Supplied data:
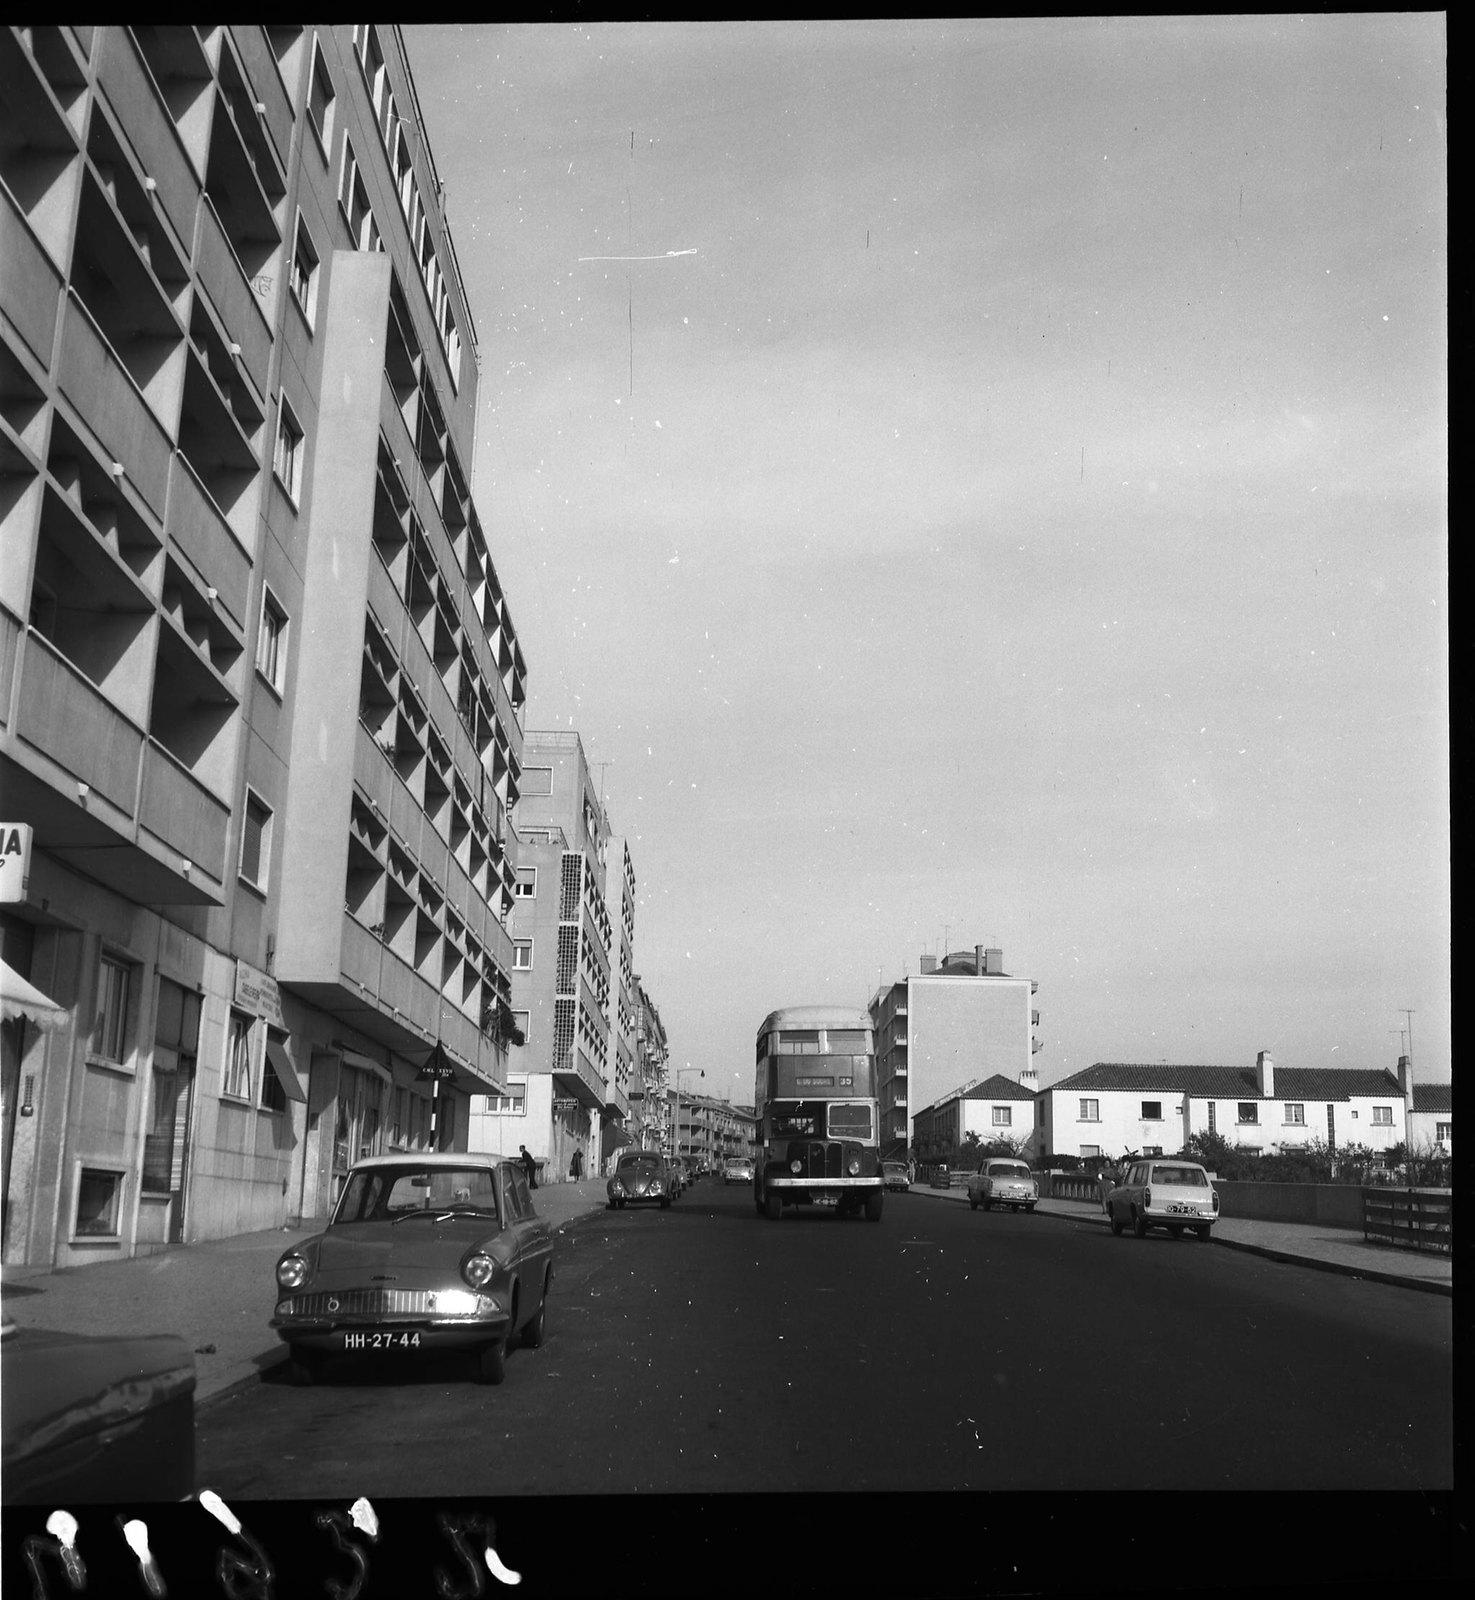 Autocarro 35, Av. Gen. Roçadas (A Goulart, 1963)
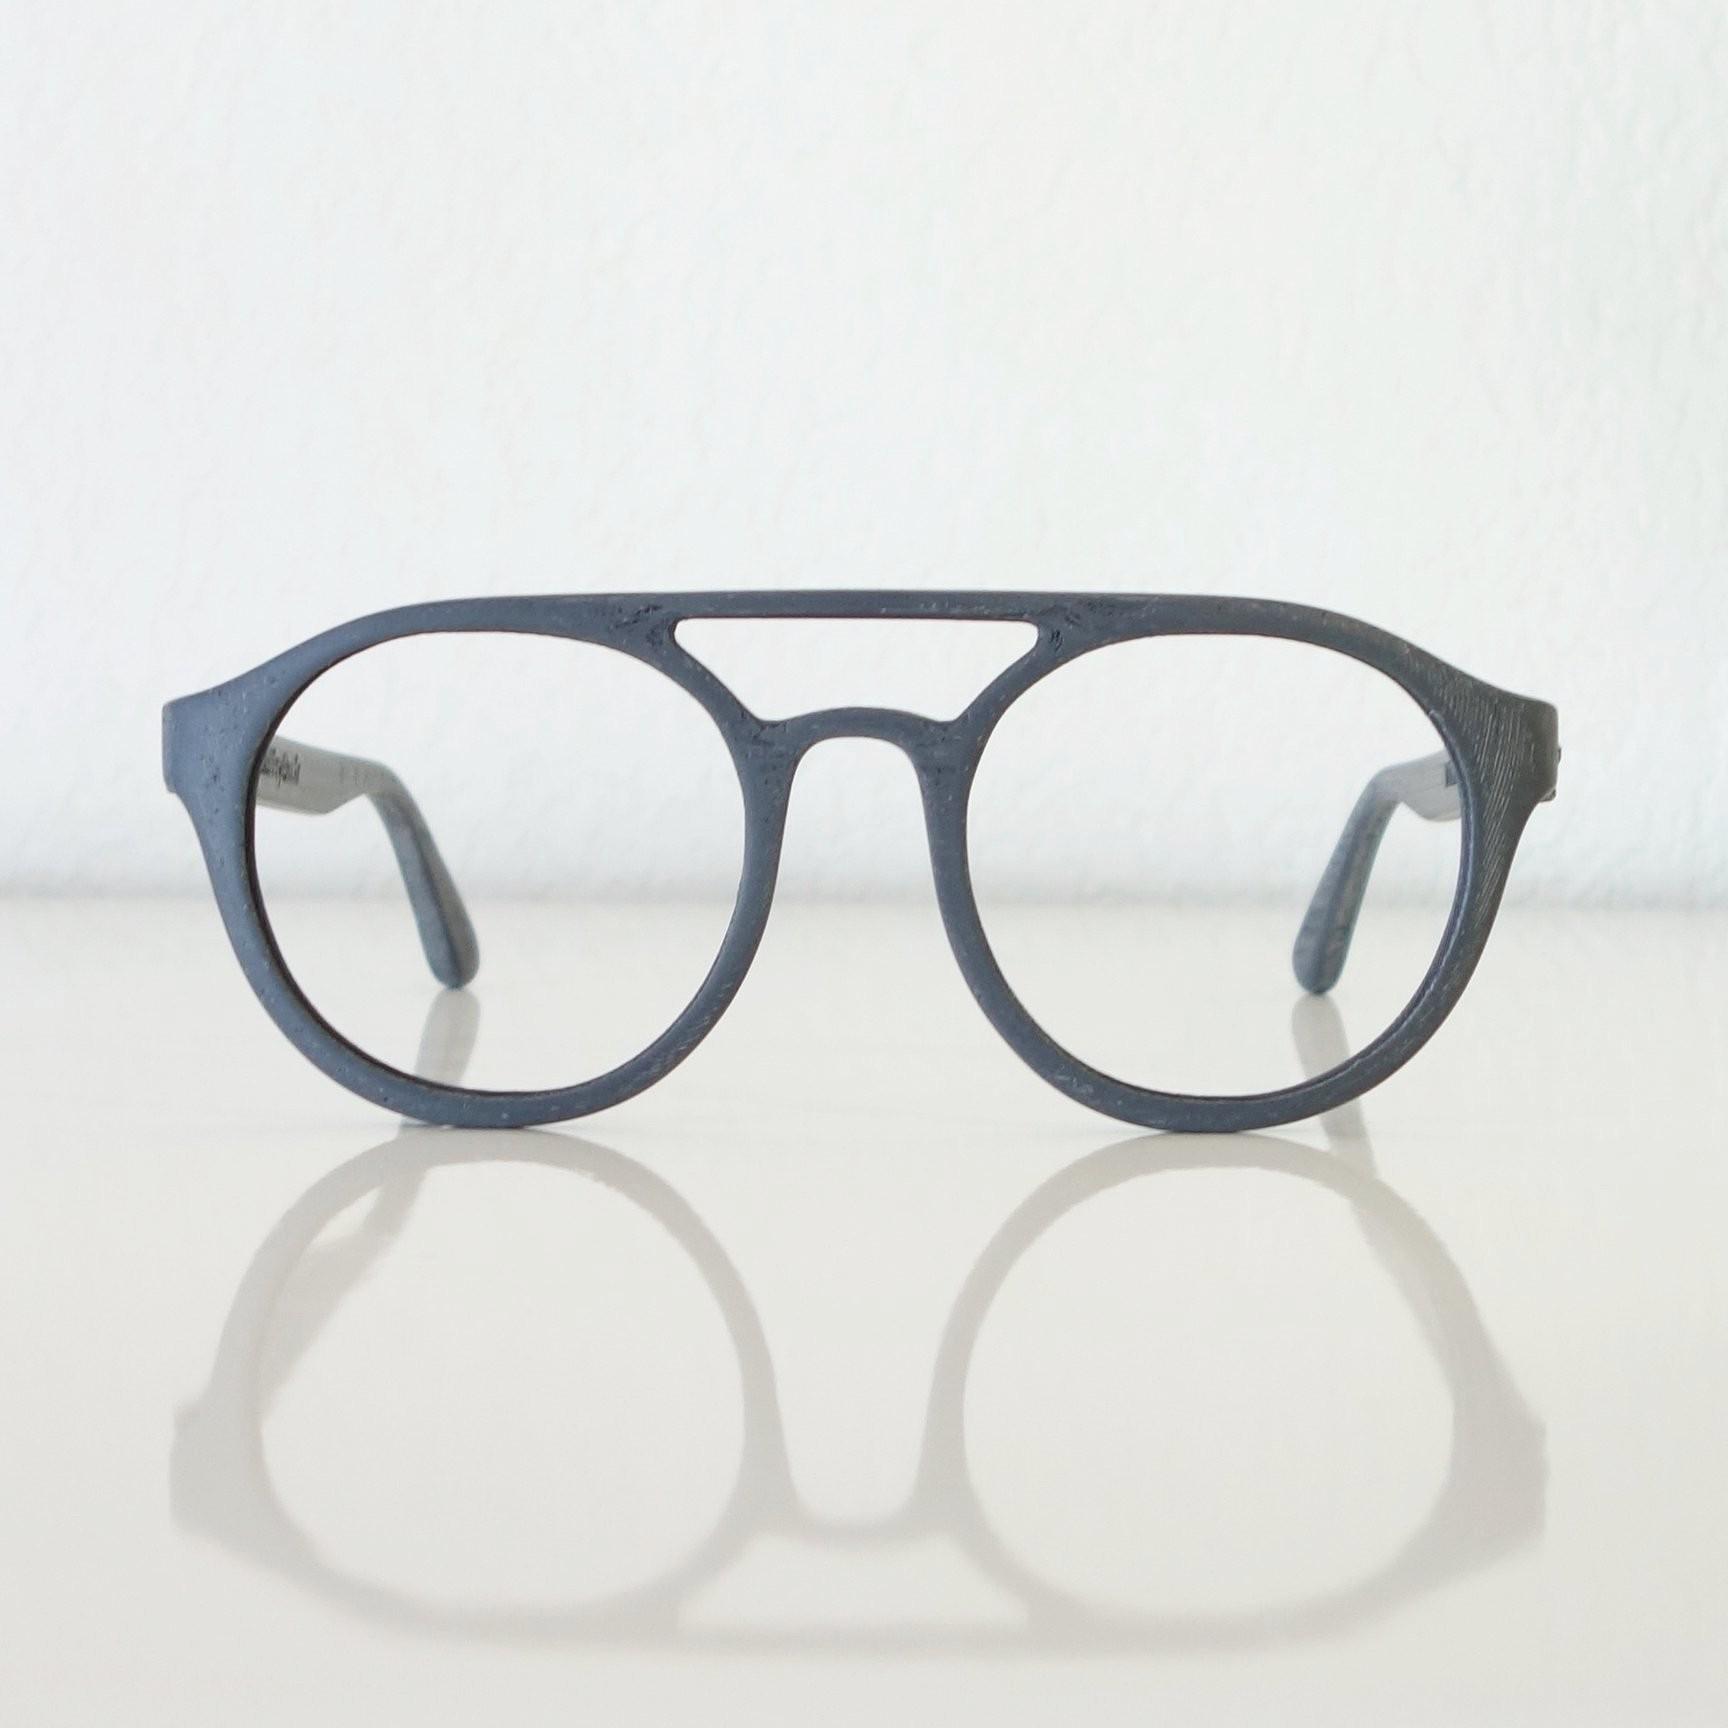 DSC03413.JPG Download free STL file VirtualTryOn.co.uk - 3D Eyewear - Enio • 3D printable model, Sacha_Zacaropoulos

==

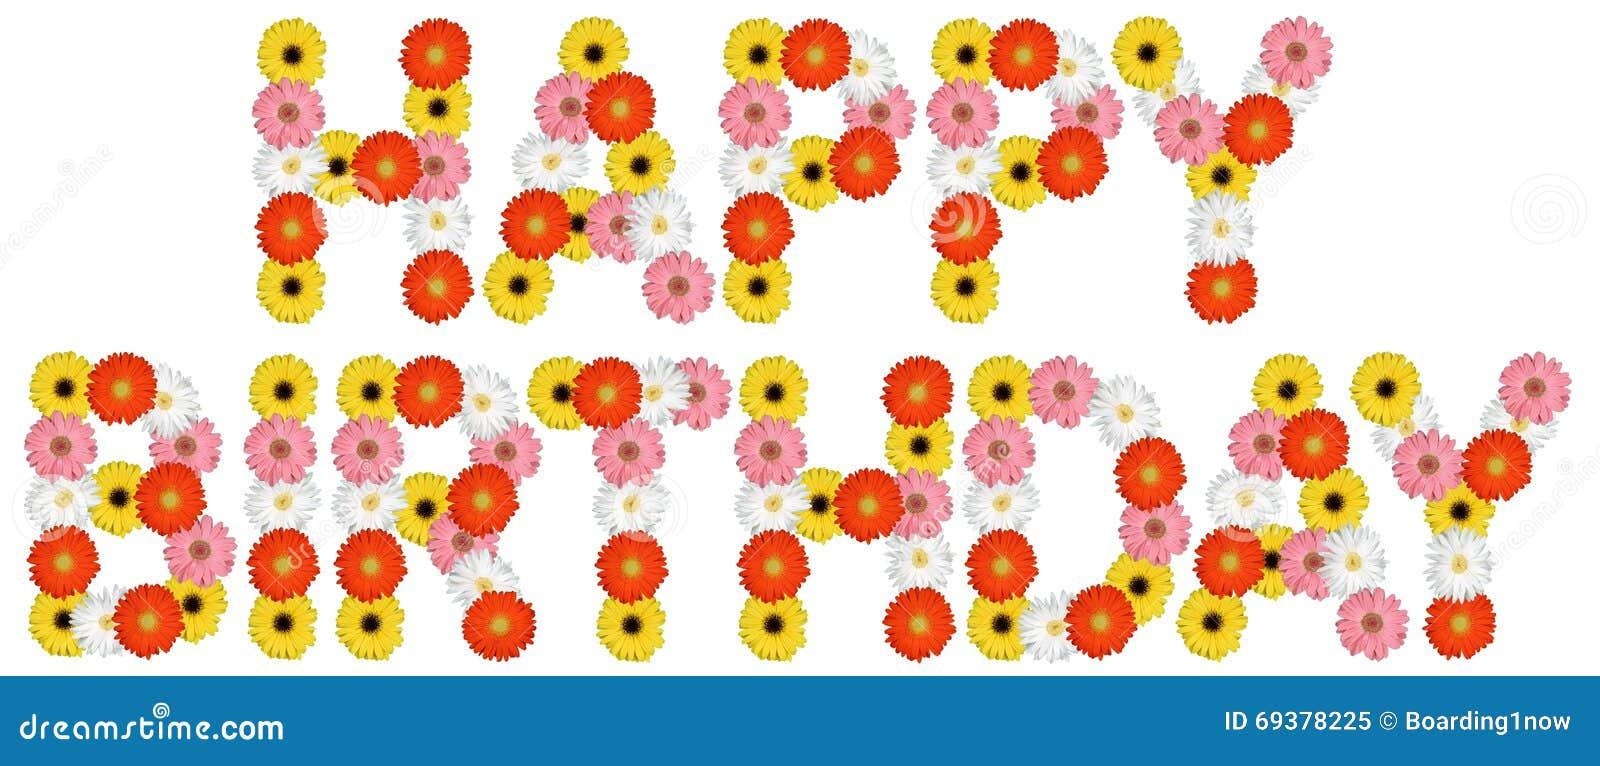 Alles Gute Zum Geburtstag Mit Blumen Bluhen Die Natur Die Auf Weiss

---

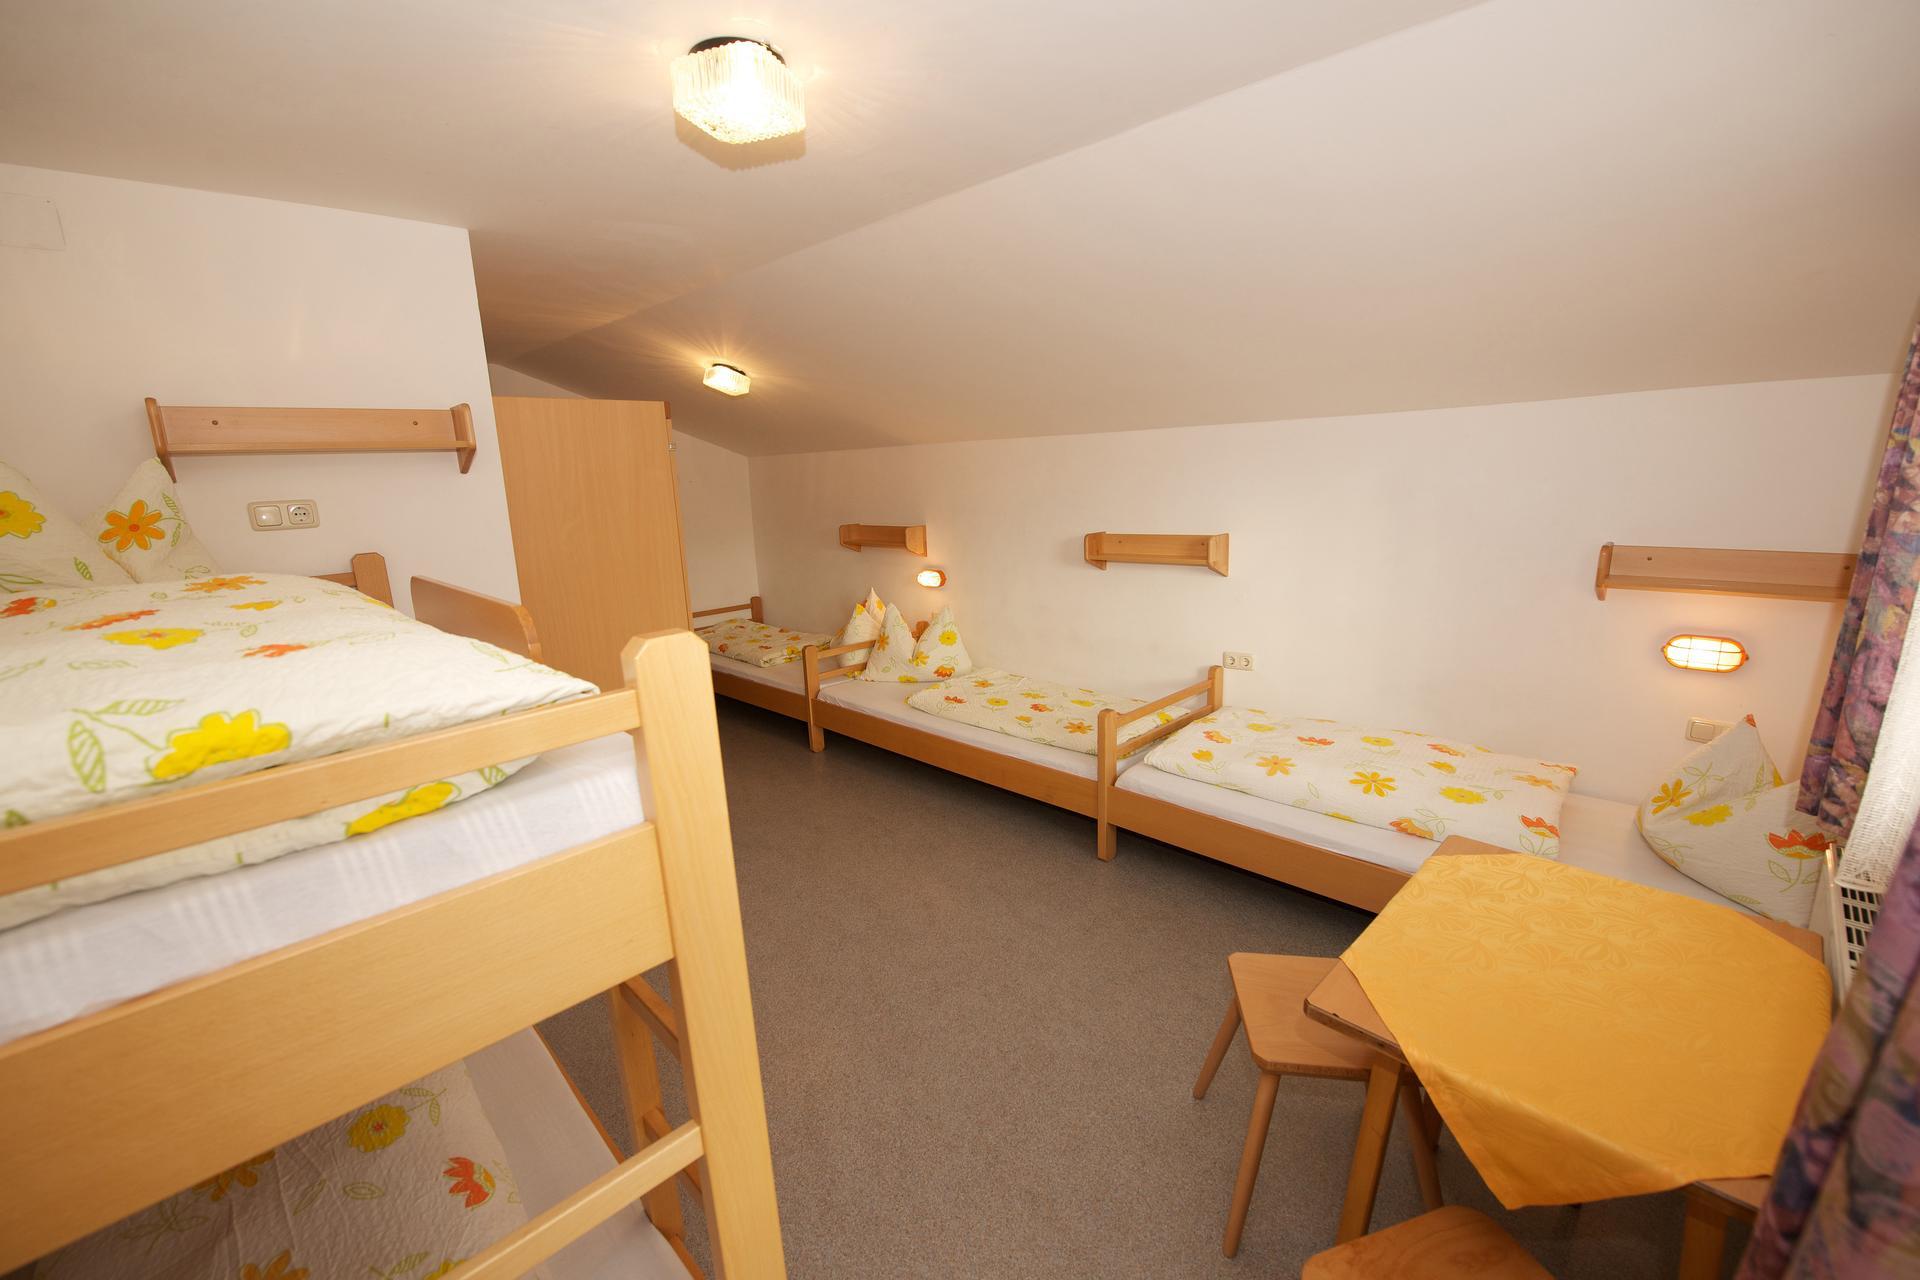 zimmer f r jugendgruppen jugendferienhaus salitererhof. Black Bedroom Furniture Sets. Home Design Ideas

Problem requirements: From the listing above, restate verbatim the lines running from the one with "Autocarro 35, Av." through the one with "DSC03413.JPG Download free", inclusive, but not the pictures.

Task result:
 Autocarro 35, Av. Gen. Roçadas (A Goulart, 1963)
 DSC03413.JPG Download free STL file VirtualTryOn.co.uk - 3D Eyewear - Enio • 3D printable model, Sacha_Zacaropoulos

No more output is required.